J. A. GARCÍA
La propiedad del terreno donde se asienta el parque eólico Nerea I quedó ayer más oscura que nunca en el Juzgado de Puebla de Sanabria por cuanto que la Junta Vecinal de Montes Vecinales en Mano Común de Calabor defendió ser la dueña una parcela que, según Pedro Rodríguez y para sorpresa de todos, no tiene una extensión de 348 hectáreas sino «cerca de tres mil»; y por tanto incluye a todos los aerogeneradores puestos en marcha. Por contra, un testigo-perito esgrimió un informe que situaba la finca registrada a favor del vecindario fuera del perímetro que acoge la instalación energética y, en consecuencia, sin ningún derecho a percibir beneficio alguno de la actividad energética.
El Ayuntamiento de Pedralba de la Pradería, por su parte, mantiene el criterio de que los molinos están «en terrenos comunales», y por tanto del municipio.
Los intereses de unos y otros están más que justificados teniendo en cuenta que el parque eólico de Nerea está valorado «en más de 35 millones de euros», y que reporta anualmente a los dueños del terreno unos sustanciosos beneficios de 150.000 euros por el pago del canon. El Juzgado de Puebla de Sanabria cerró ayer la sesión de comparecencia de los llamados declarar con motivo del litigio incoado sobre el parque eólico Nerea I.
El juicio ha debido repetirse después de que la Audiencia Provincial admitiera el recurso por indefensión presentado por las entidades bancarias que financiaron, por el sistema leasing, a la promotora, y que lo hicieron después de revisar a conciencia toda la autorización por «el riesgo enorme» que supone financiar un proyecto de este calibre.
La maratoniana sesión protagonizada ayer en el Juzgado de Puebla duró toda la mañana, y eso que la jueza agilizó cuanto pudo cortando por lo sano preguntas reincidentes o que escapaban al asunto concreto.
El presidente de la Sociedad Gestora de Parques Eólicos (Gegal SA) Javier Gracia confirmó la negociación realizada con el Ayuntamiento de Pedralba de la Pradería, que se ofreció como propietario del terreno. Manifestó no dudar nunca de la voluntad del Ayuntamiento, «que dijo que era suyo, porque entonces apaga y vámonos». A preguntas de la jueza subrayó que, en cuanto a la propiedad, «da más garantías el Registro que al Catastro». Hizo hincapié en que la empresa « sigue pagando religiosamente el canon», y precisó que «la empresa busca viento y no nos preocupan los propietarios», aunque remarcó que «el canon pertenece al legítimo propietario del terreno». Gracia insistió en la voluntad de pagar el canon «al legítimo propietario».
Seguidamente una representante de las entidades bancarias La Caixa, Banco Sabadell y Caja de Pensiones explicó la operación financiera del crédito concedida a Gecal SA para poner en macha la instalación energética, en la que también entra el Instituto de Crédito Oficial (ICO). Una operación aprobada tras una rigurosa revisión de toda la documentación que verificó «que era limpia» y, según expresó, «por eso entró en financiación». A preguntas de la letrada de la demanda, sobre si habían tenido en cuenta el registro de la propiedad del terreno donde se ubicaba el parque, declaró que «yo nunca vi el título de propiedad porque es algo que hacen los asesores, pertenecientes a un gabinete externo de reconocido prestigio». Afirmó, además, que «no se concede un préstamo sin tener asegurado que el cliente tiene el terreno sobre el que instala el parque».
El vecino y concejal de Calabor, Pedro Rodríguez Chimeno, una y otra vez justificó sus aprobaciones a favor de la instalación eólica, actuando como concejal del Ayuntamiento, «por ser un beneficio», pero haciendo constar que siempre dejó patente que los terrenos donde se asentaba el parque eran de Calabor.
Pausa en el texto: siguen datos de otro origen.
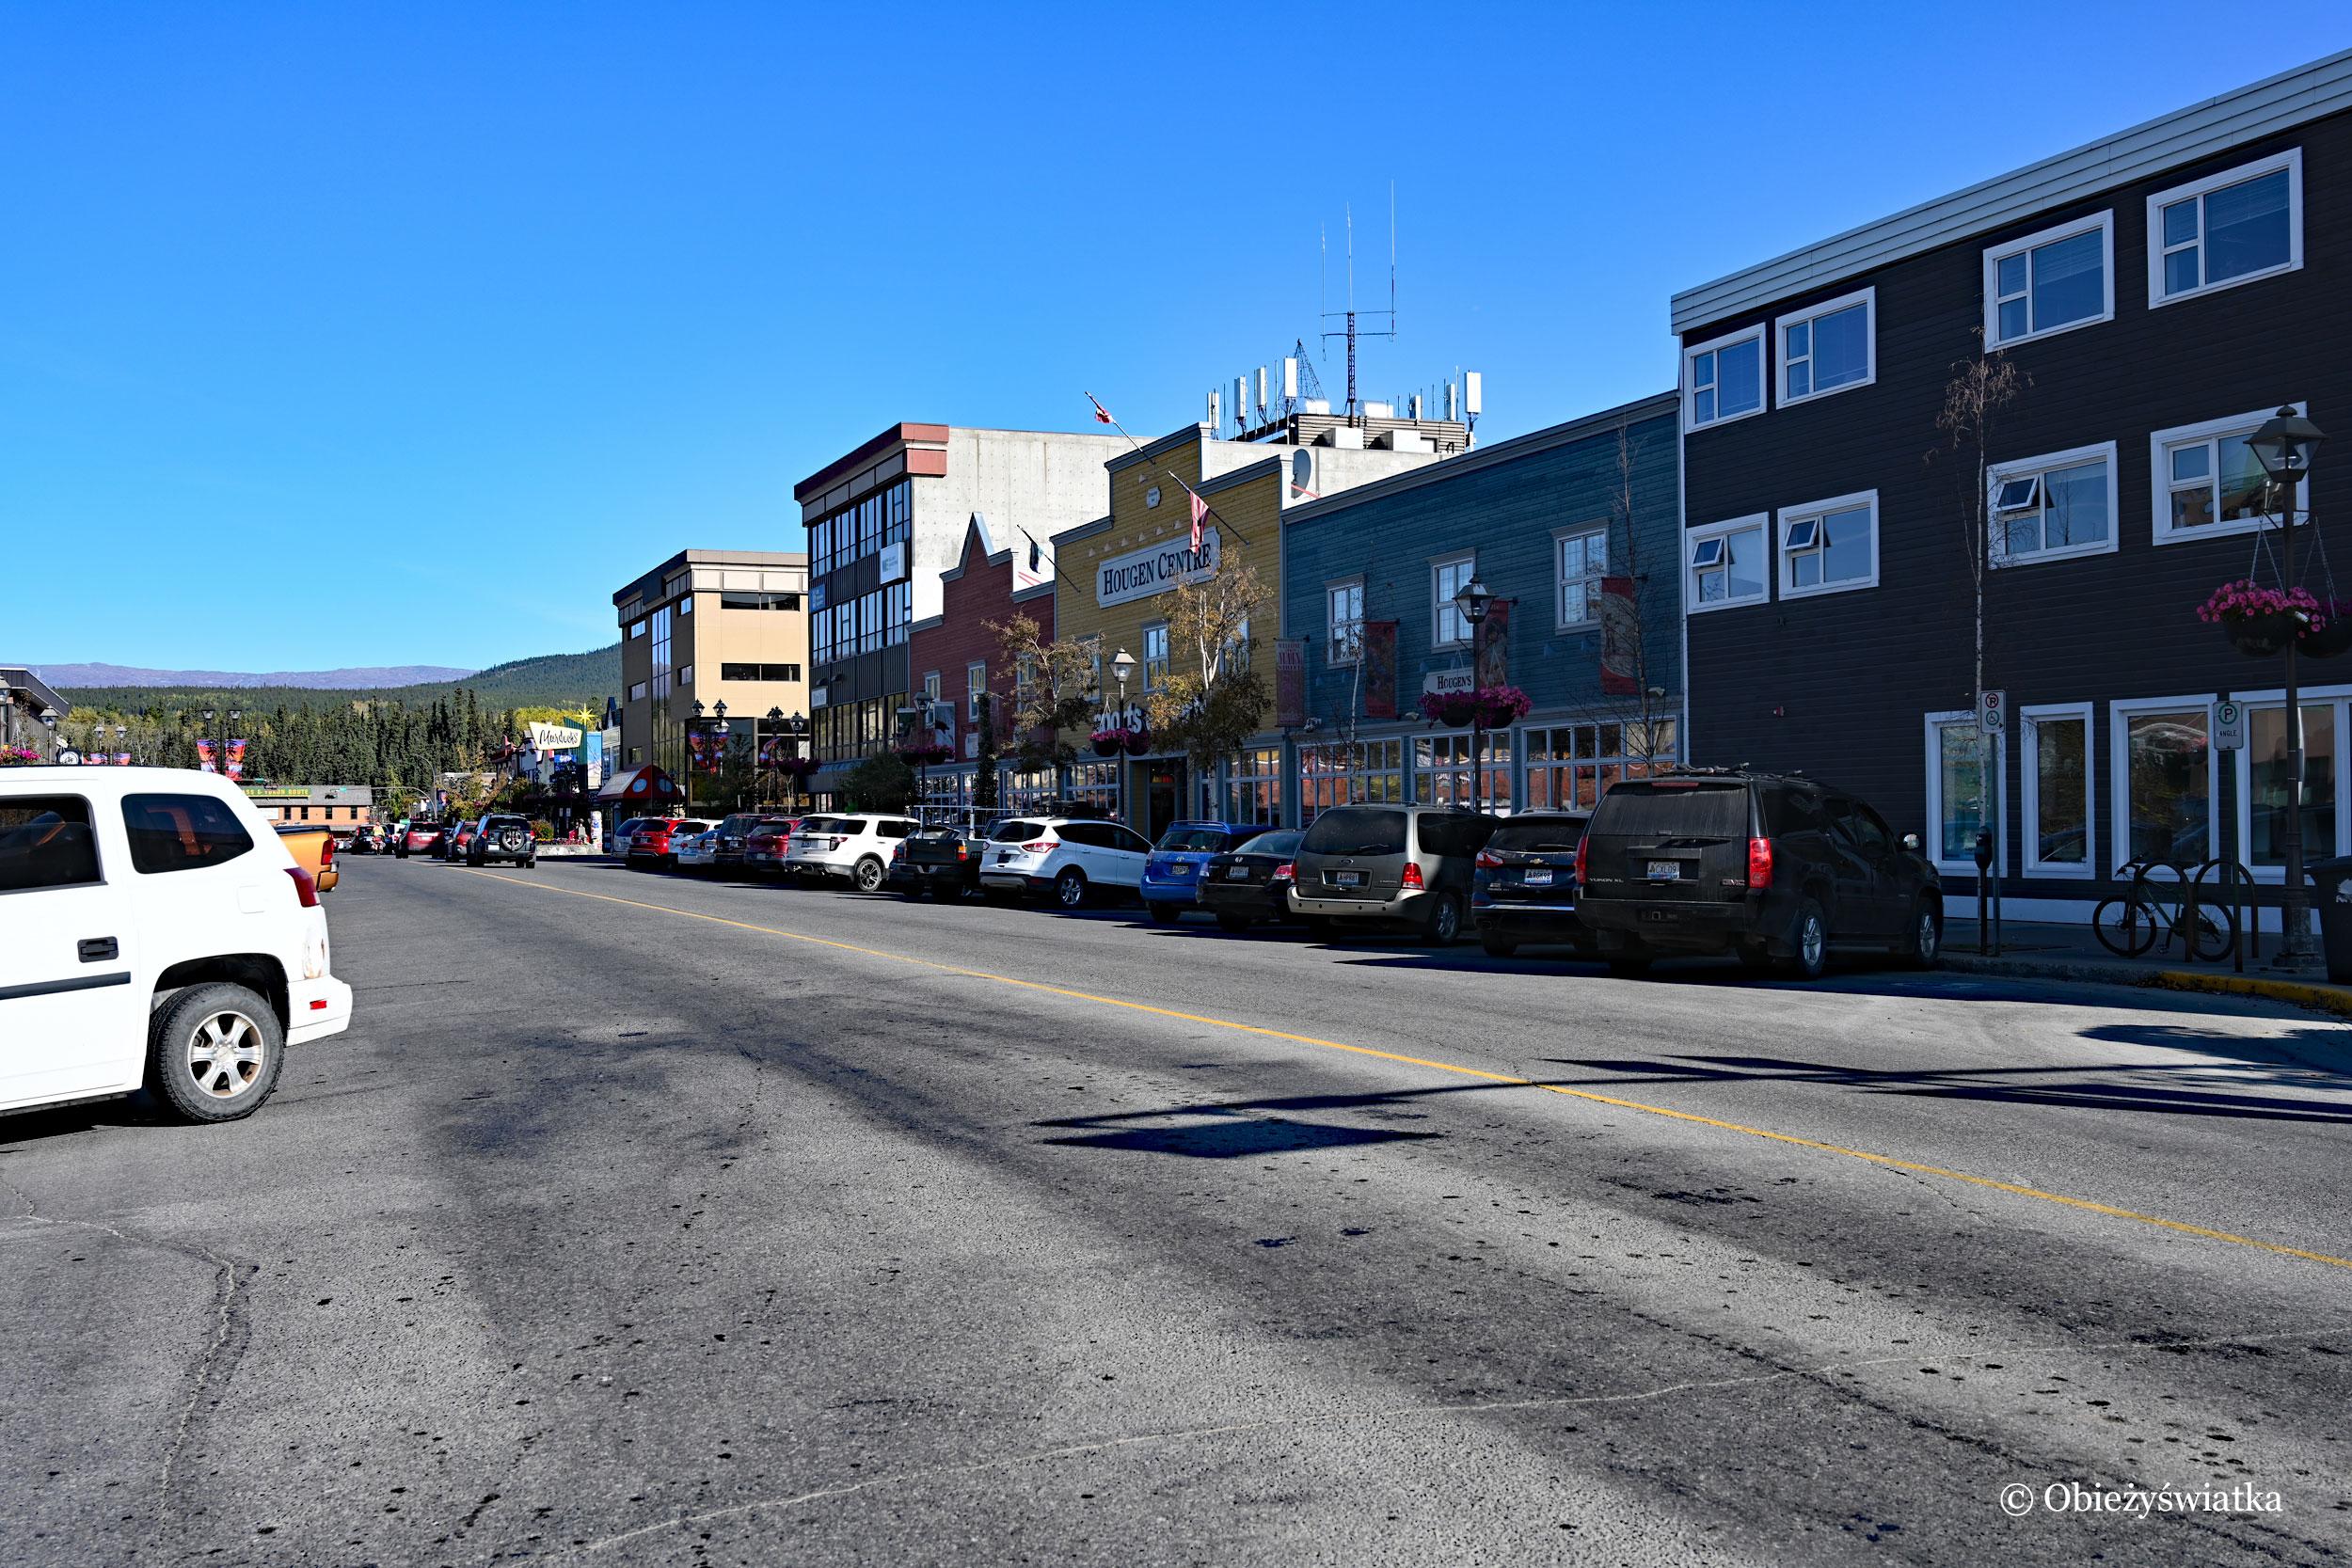 Typowe północnoamerykańskie miasto - Whitehorse, Kanada

Defendió con vigor que la parcela que acoge los aerogeneradores es de los vecinos «porque es algo de lo que tenemos conocimiento de toda la vida y por venir de tradición». También dijo que en el pueblo «tienen clarísimo» dónde está la finca así como los límites de la misma. Sorprendió, además, al señalar que «estamos en que la finca 92 tiene en realidad más de 300 hectáreas», y elevó la superficie «a casi 3.000 hectáreas». El ex alcalde y firmante de la cesión del terreno a Geza, Gregorio Arias, de 85 años y que rehusó declarar sentado, se reafirmó en el carácter comunal de los terrenos y, por lo demás, remitió a las actas para dejar clara sus determinaciones.
El topógrafo Raúl Camarero sacó a colación un informe realizado tras un exhaustivo estudio, según el cual la finca que apunta la Junta Vecinal como suya está fuera del perímetro que acoge el parque eólico. Admitió,, no obstante, que las actas de deslinde territorial deslindaban términos municipales, y no fincas.